▶ _TASK TO CARRY OUT_: Omitting all images, transcribe the listing word for word.

▶ _PROVIDED MATERIAL_:
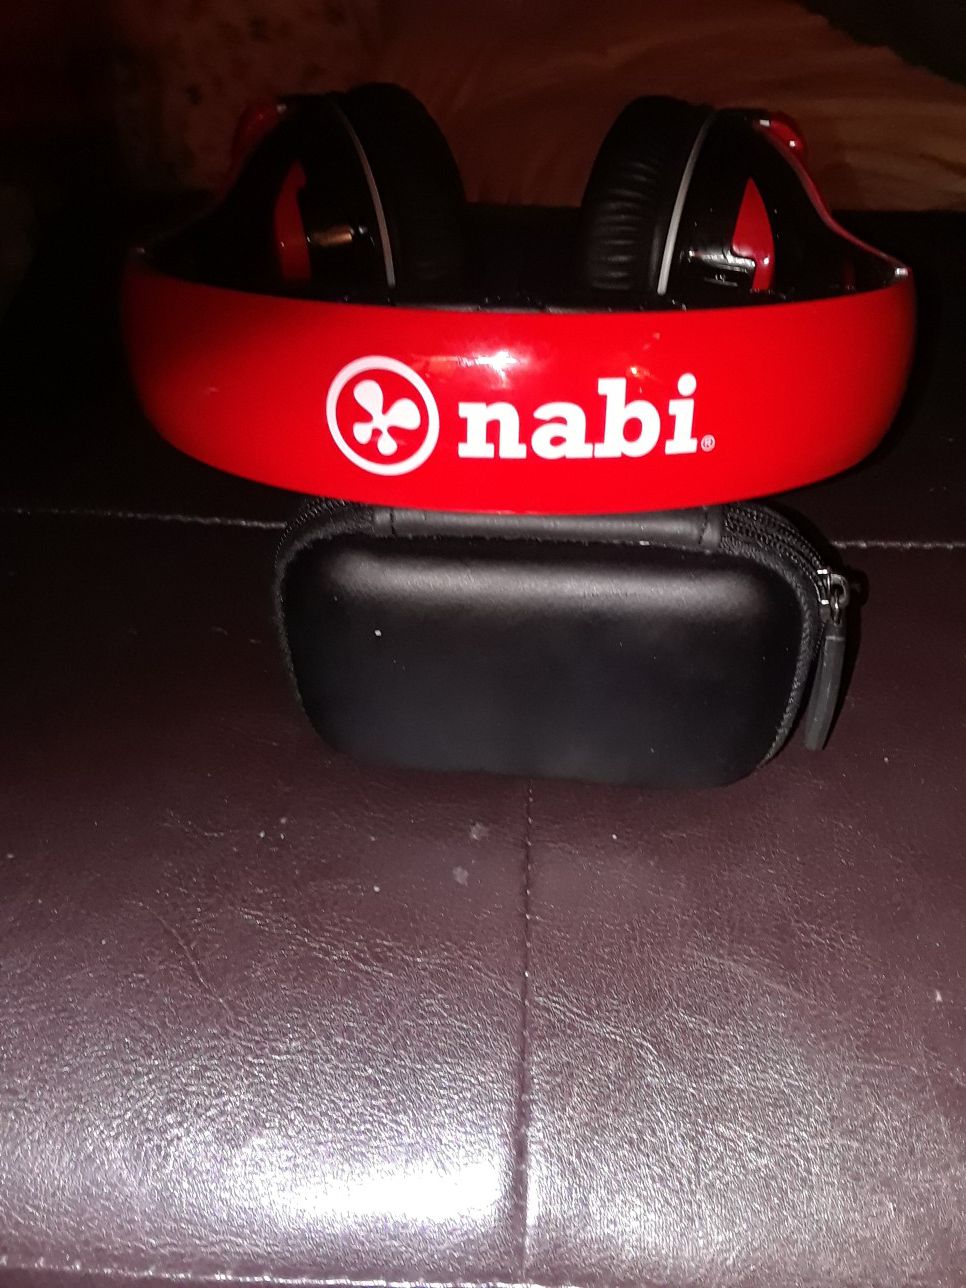 nabi,#1,Headphones 4kids,new
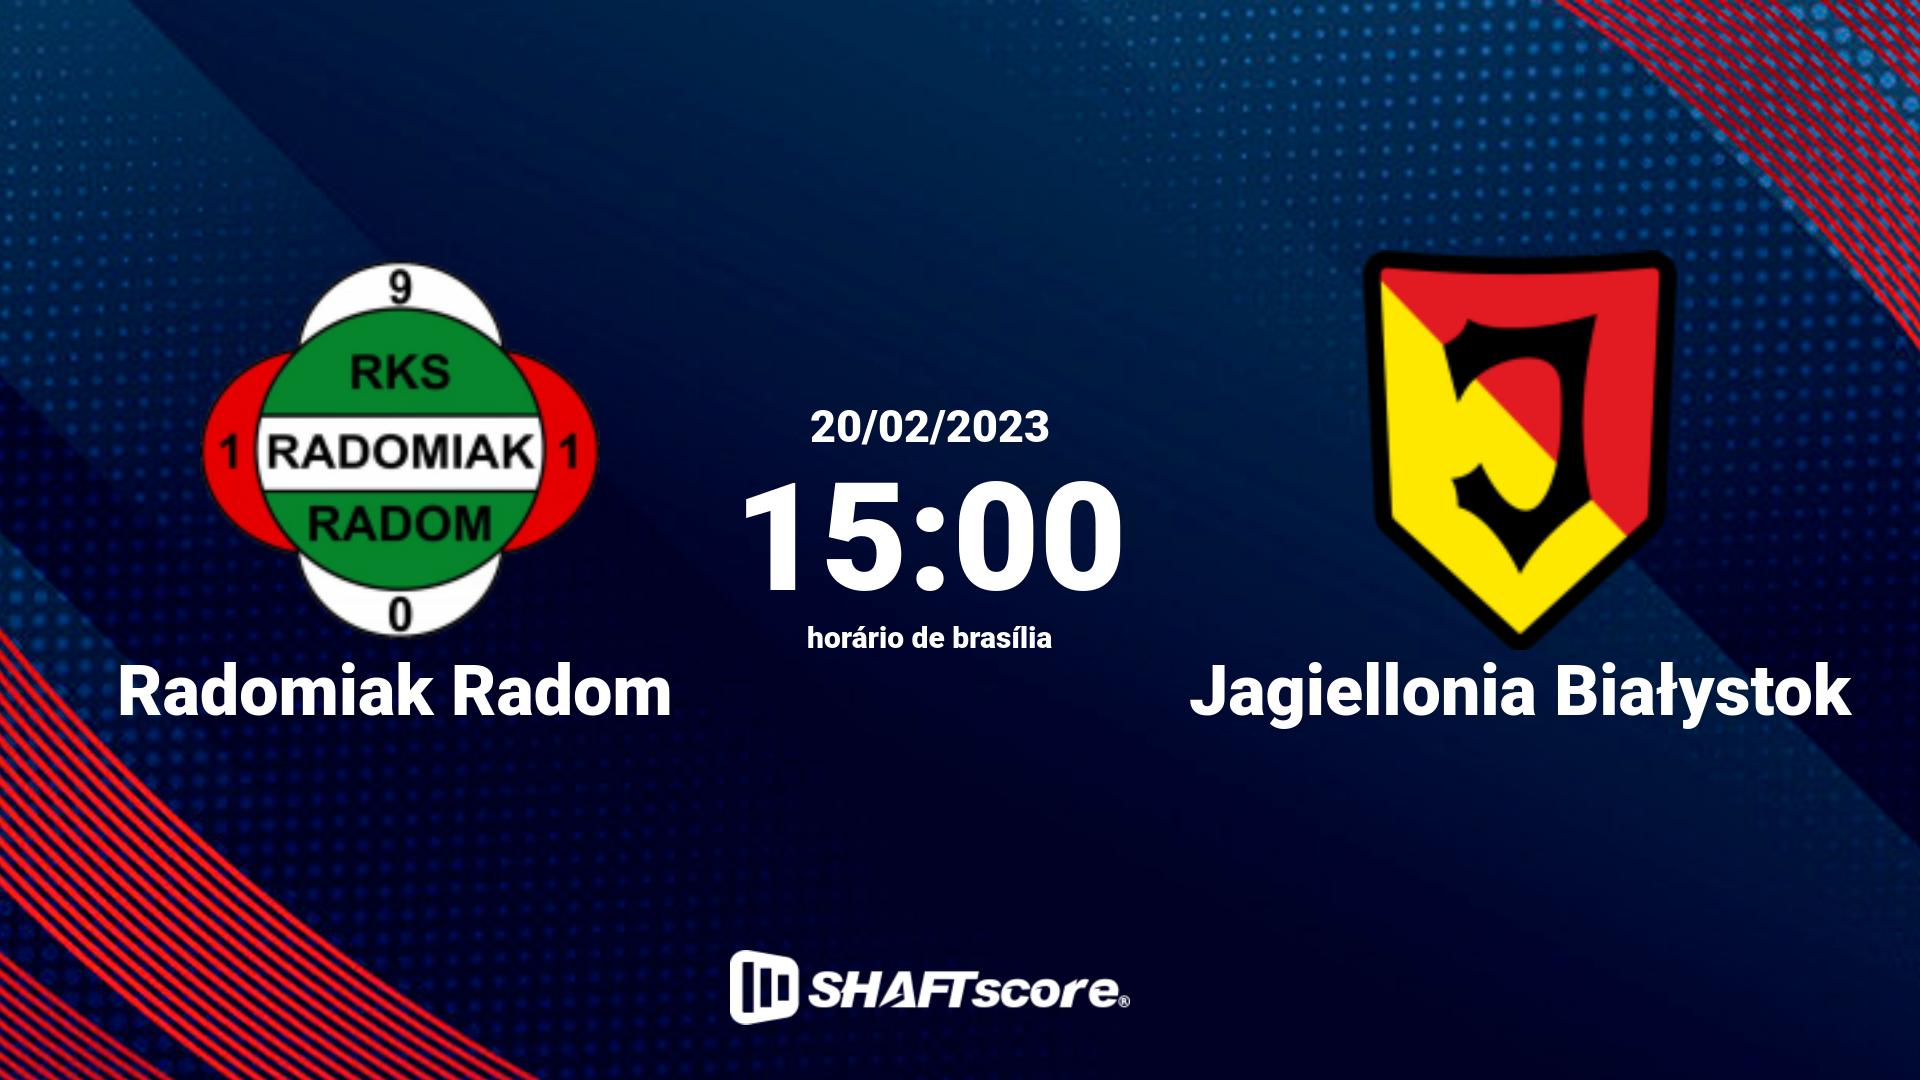 Estatísticas do jogo Radomiak Radom vs Jagiellonia Białystok 20.02 15:00
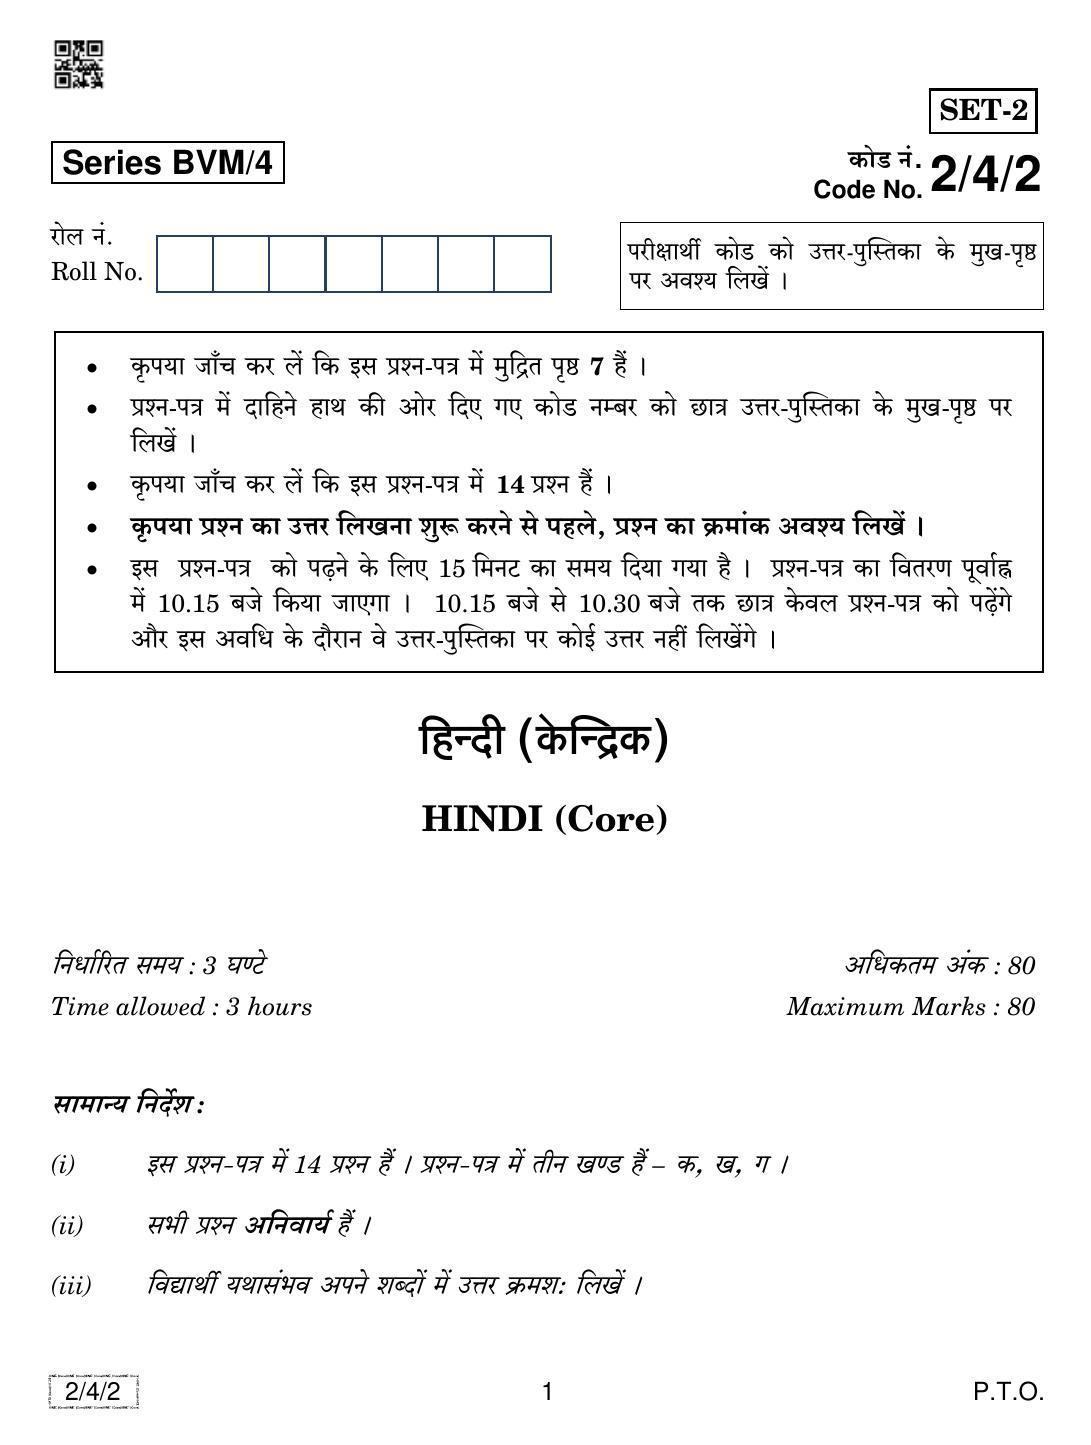 CBSE Class 12 2-4-2 Hindi Core 2019 Question Paper - Page 1

▶ _RESPONSE TO THE EXERCISE_:
 nabi,#1,Headphones 4kids,new
 Estatísticas do jogo Radomiak Radom vs Jagiellonia Białystok 20.02 15:00
 CBSE Class 12 2-4-2 Hindi Core 2019 Question Paper - Page 1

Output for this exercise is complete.